Référence : SPA 127 R 4543
Attaque et prise de Cantigny par les troupes américaines soutenues par les tanks français.
Les officiers du 5e groupe qui participèrent à l'attaque. 28 mai 1918.
Photographe: Edmond Famechon/© ECPAD
À l’été 1918, au plus fort de la contre-offensive française, interviennent la libération de
Lamotte-en-Santerre (SPA 22 LO), la réduction de la poche de Montdidier (SPA 15 DS), la
reconquête de Roye, le 27 août (SPA 145 R) et celle d’Ham, le 6 septembre (SPA 150 R).
Jusqu’à l’armistice, les reporters militaires poursuivent leur travail d’inventaire des
destructions de villages, de monuments et de l’outil économique (sucreries dévastées), du
matériel allemand abandonné, des profanations de tombes etc.
Quelques reportages réalisés en 1919 (environ deux cents photographies) montrent la visite de
Lloyd George dans le département, celle d’une mission américaine, celle de journalistes
étrangers, ainsi que des reproductions de monuments et œuvres d’art.

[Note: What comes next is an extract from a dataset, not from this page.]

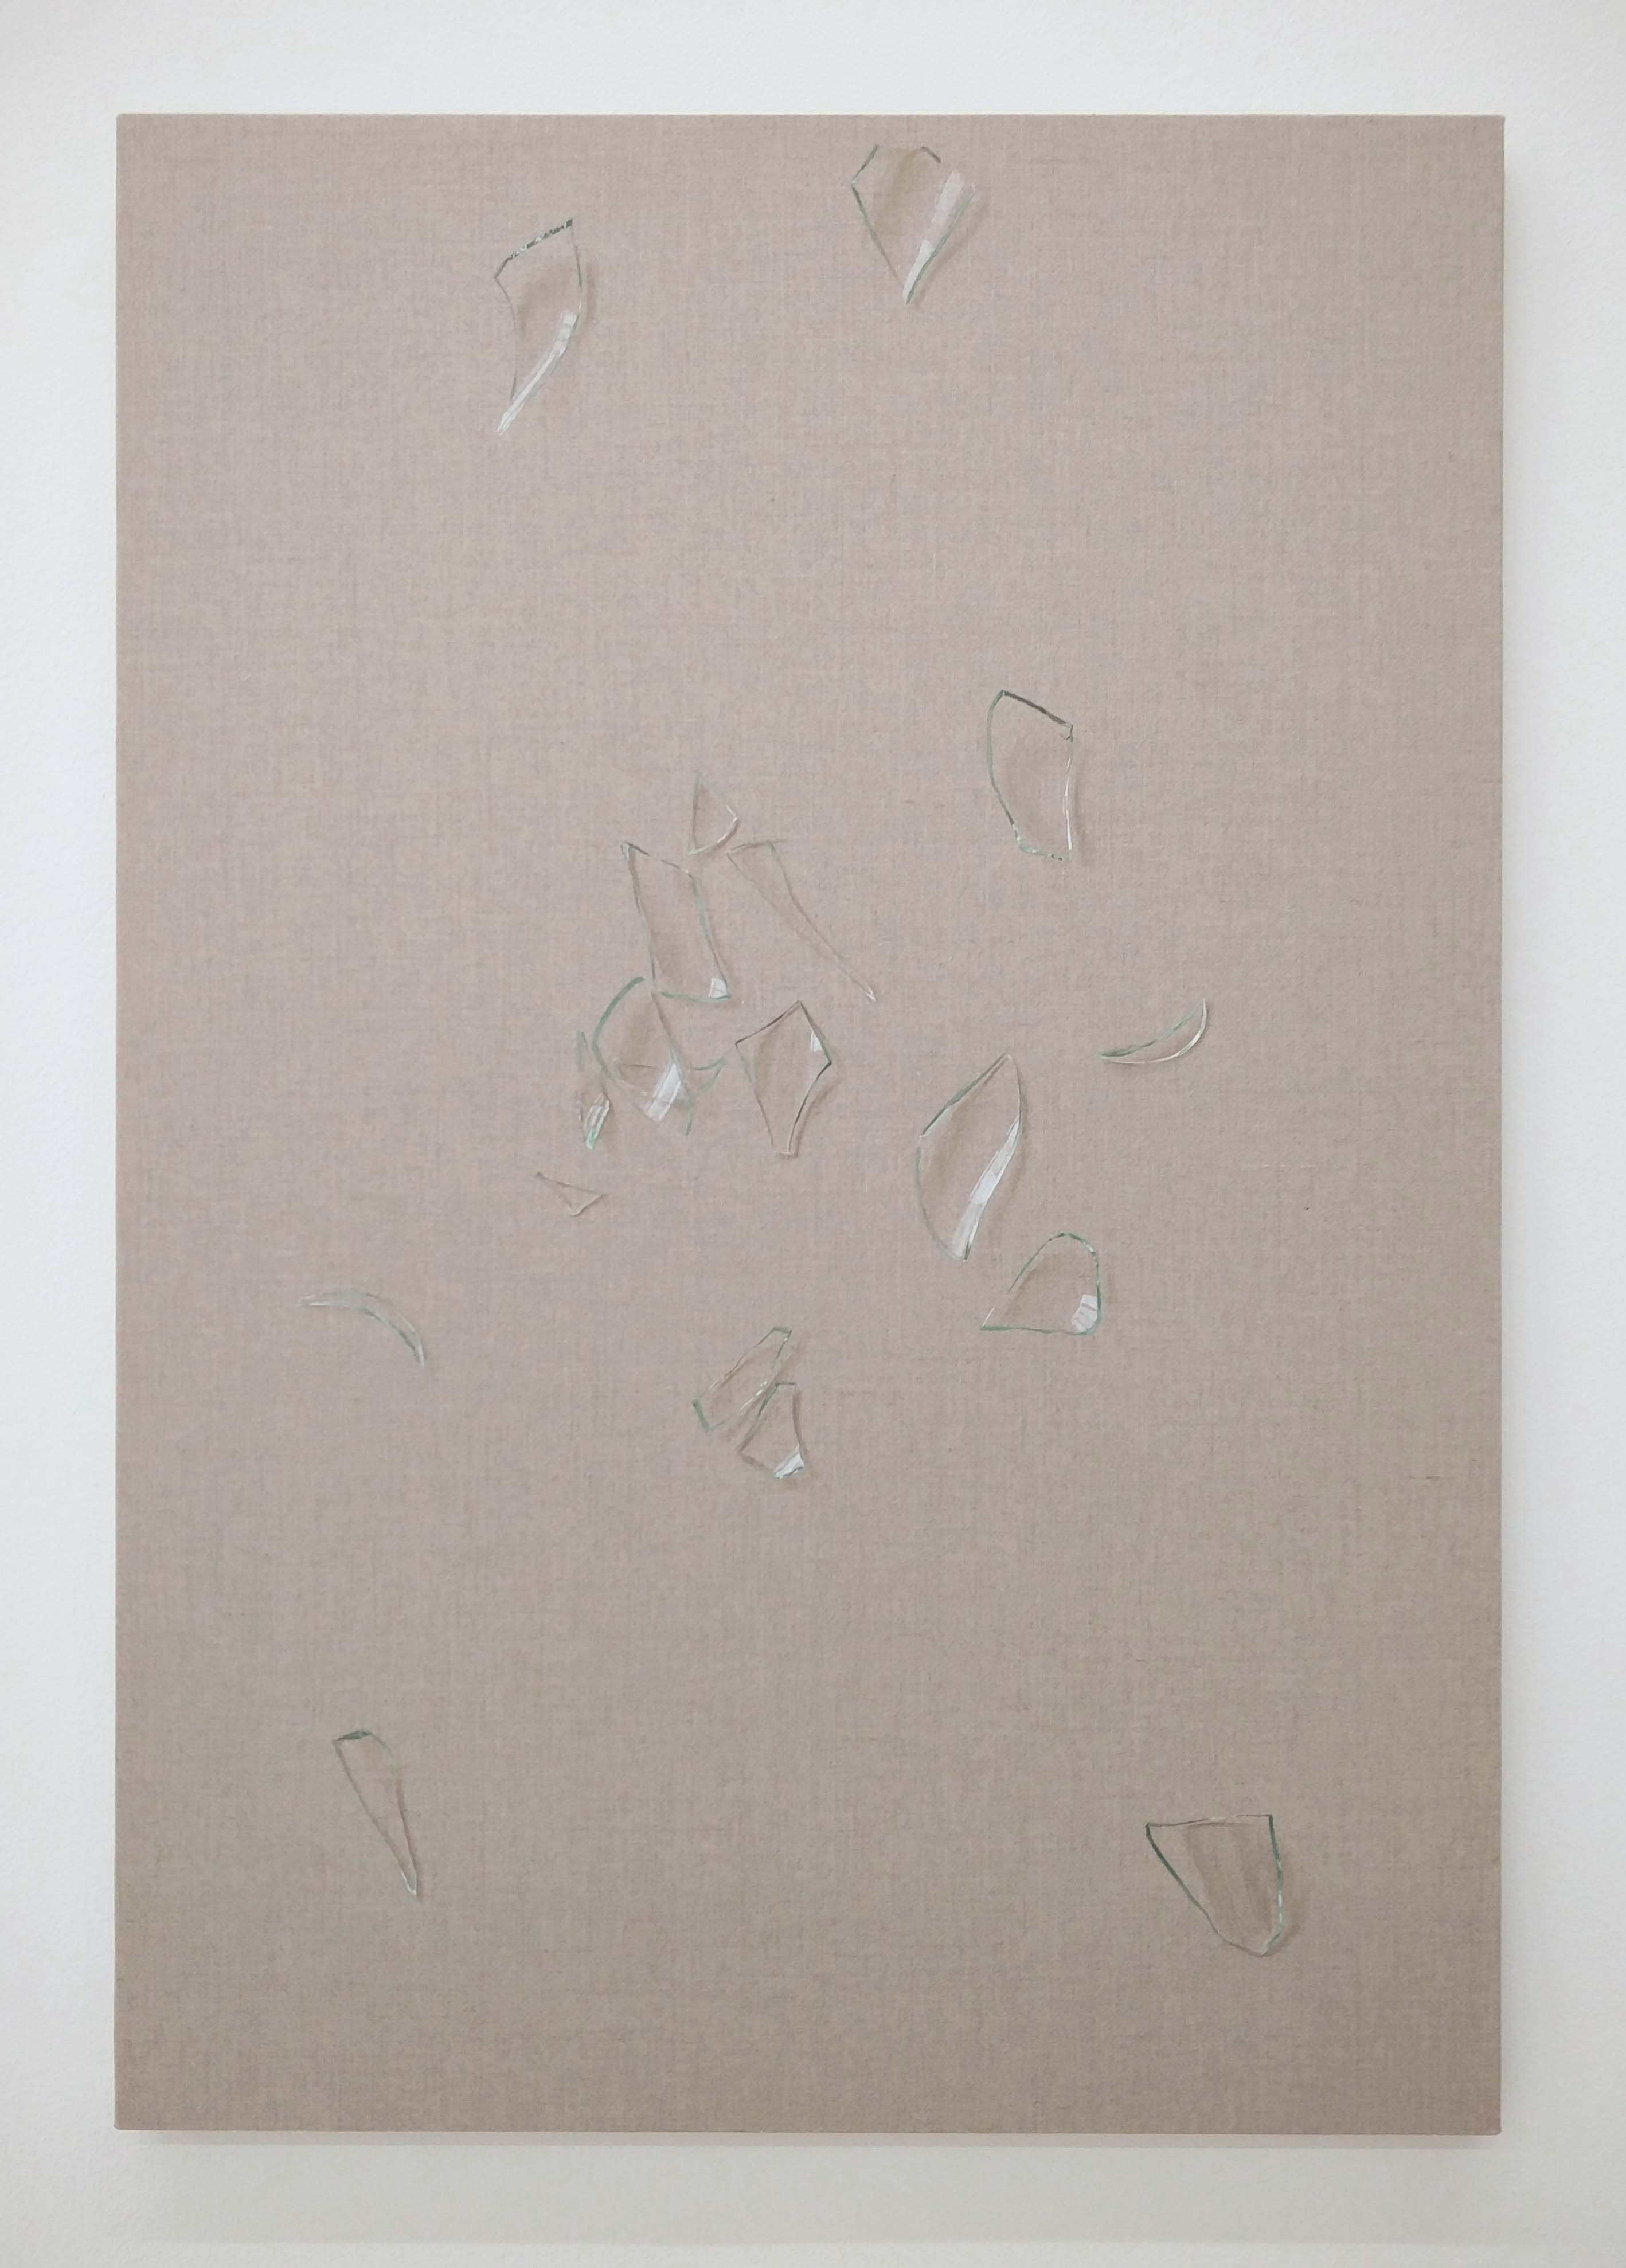 #Helene_Appel - washing up - review by #ARTIFICIALIS -

Plusieurs reporters militaires sont particulièrement actifs dans la Somme pendant la Grande
Guerre: Ribard et Famechon (série R) y réalisent à eux deux plus de mille cent photographies,
de mai 1916 à septembre 1918. Emmanuel Mas (série S) prend plus de mille clichés en un an
entre décembre 1915 et novembre 1916. Son travail est très centré sur la Somme, à la
différence d’autres opérateurs ayant davantage rayonné sur les autres départements. Il réalise
aussi, après l’armistice, de nombreuses photographies d’œuvres d’art préservées de l’ennemi.

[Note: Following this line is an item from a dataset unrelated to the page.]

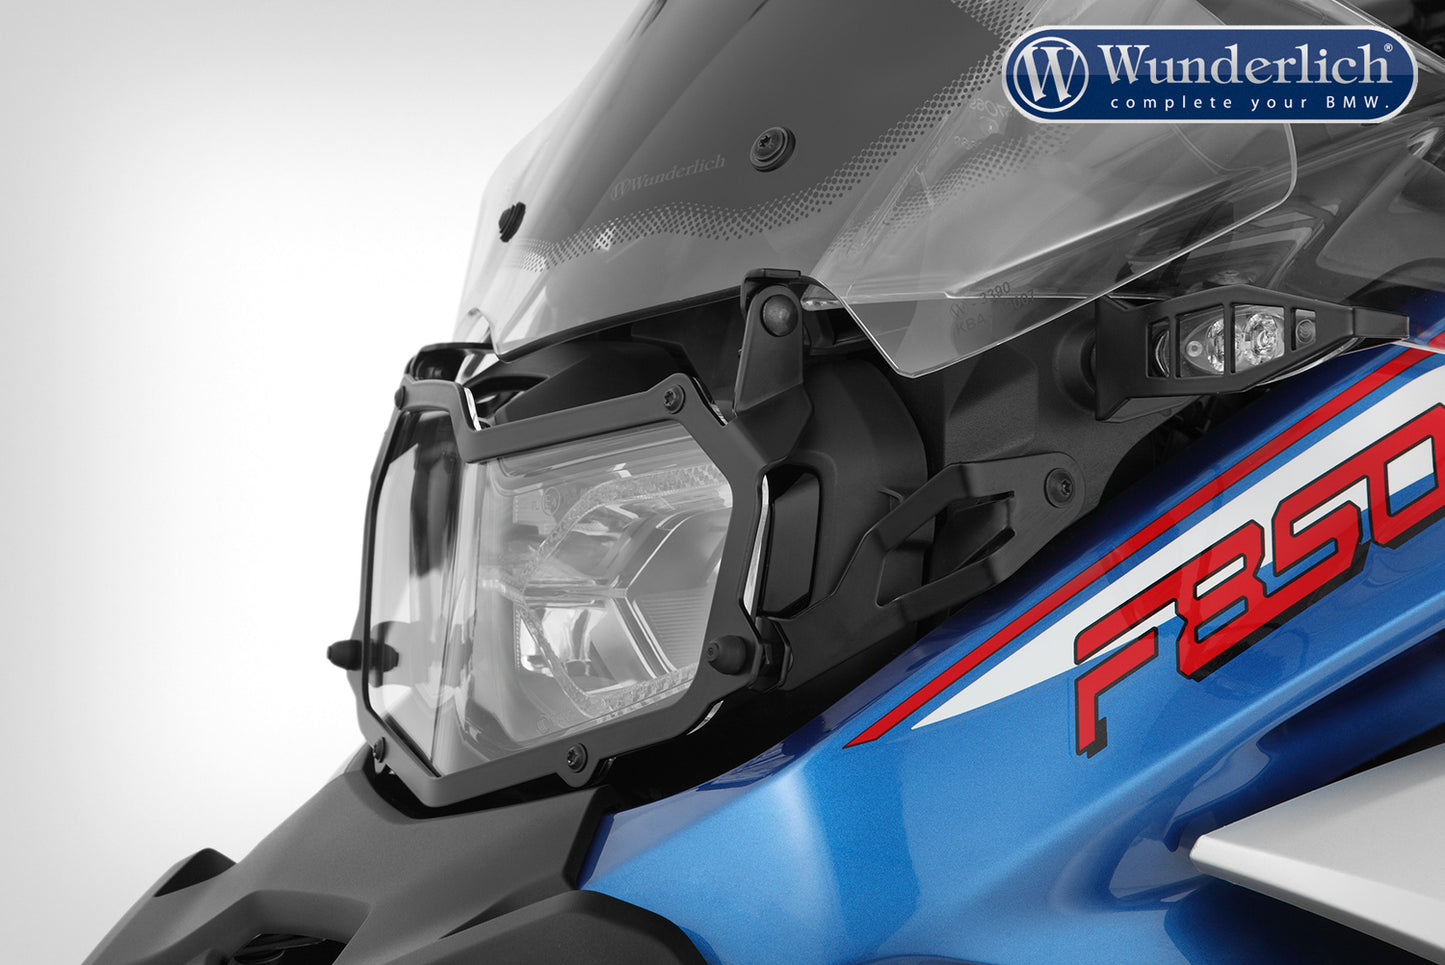 Wunderlich headlight protection grille, foldable, »CLEAR« for F850 GS - black

Référence : SPA 150 R 5116
Ham (Somme). Devant le porche de l'église Saint-Charles, le lieutenant-colonel Maurel,
commandant le 125e d'infanterie, entré le premier dans Ham. Au premier plan, le coq de
l'église. 6 septembre 1918. Vue stéréoscopique.

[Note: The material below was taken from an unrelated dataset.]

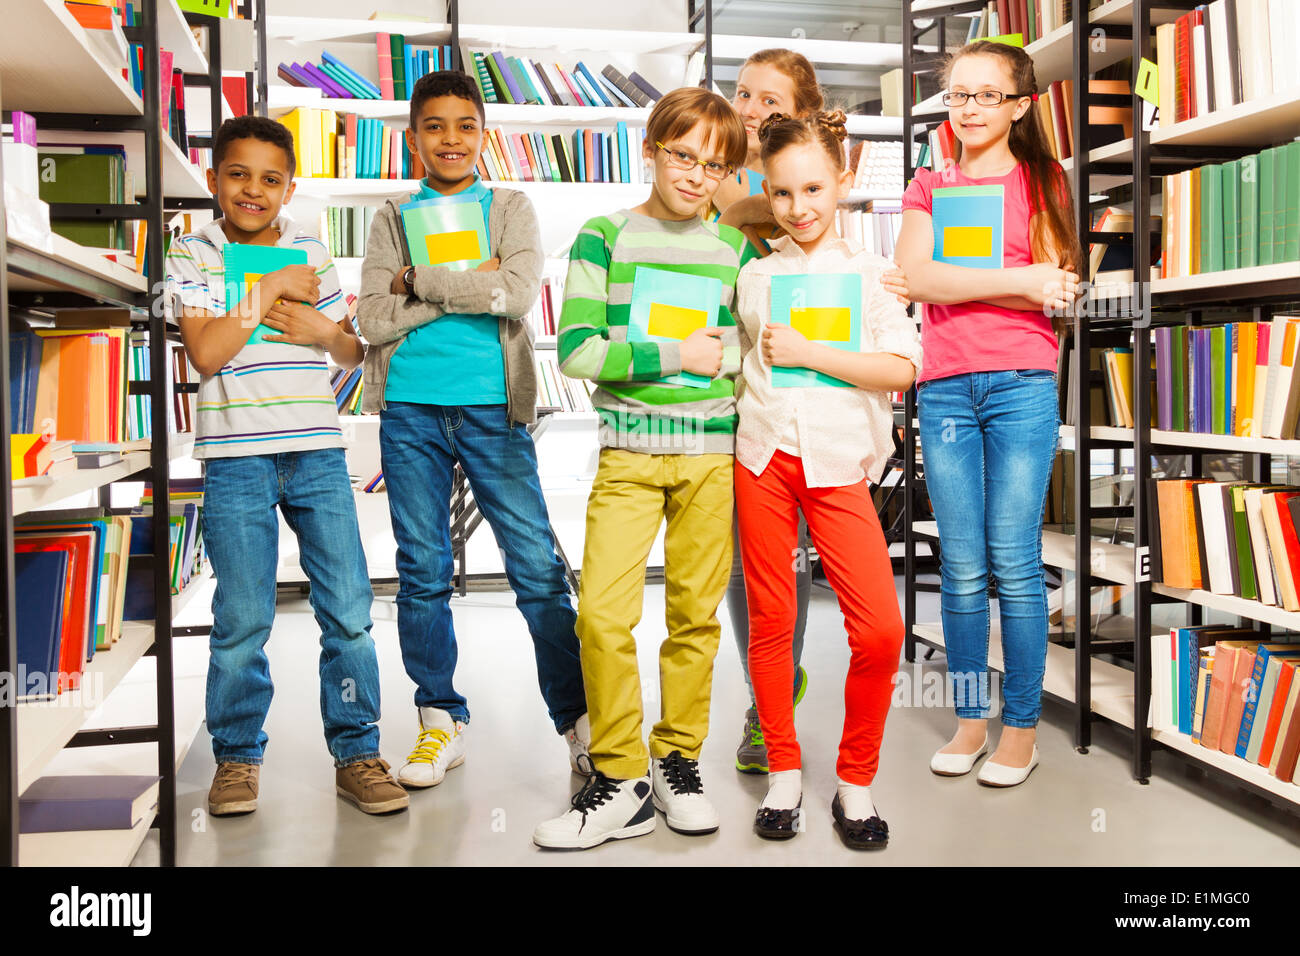 Children in library holding exercise books Stock Photo

Photographe : Edmond Famechon/© ECPAD
De nombreux reportages sont photographiés en vues stéréoscopiques sur plaques de verre de
format 6cm x 13cm. Il existe par ailleurs cinq photographies en couleur (autochromes) prises
dans la Somme (série AUL) en 1917, portant sur les châteaux de Verpillières et Tilloloy.
Référence : AUL 367
Verpillières (Somme). Château en ruine, 1917.
Photographe : attribué à Jean-Baptiste Tournassoud/© ECPAD
Les photographies issues des fonds privés légués à l’ECPAD complètent les reportages
effectués par les photographes militaires. Les principaux fonds ou sujets traités sont les
suivants :
- Le 5e bataillon du 8
e régiment d’artillerie à Y, en 1916 (D73-36, dix-neuf clichés).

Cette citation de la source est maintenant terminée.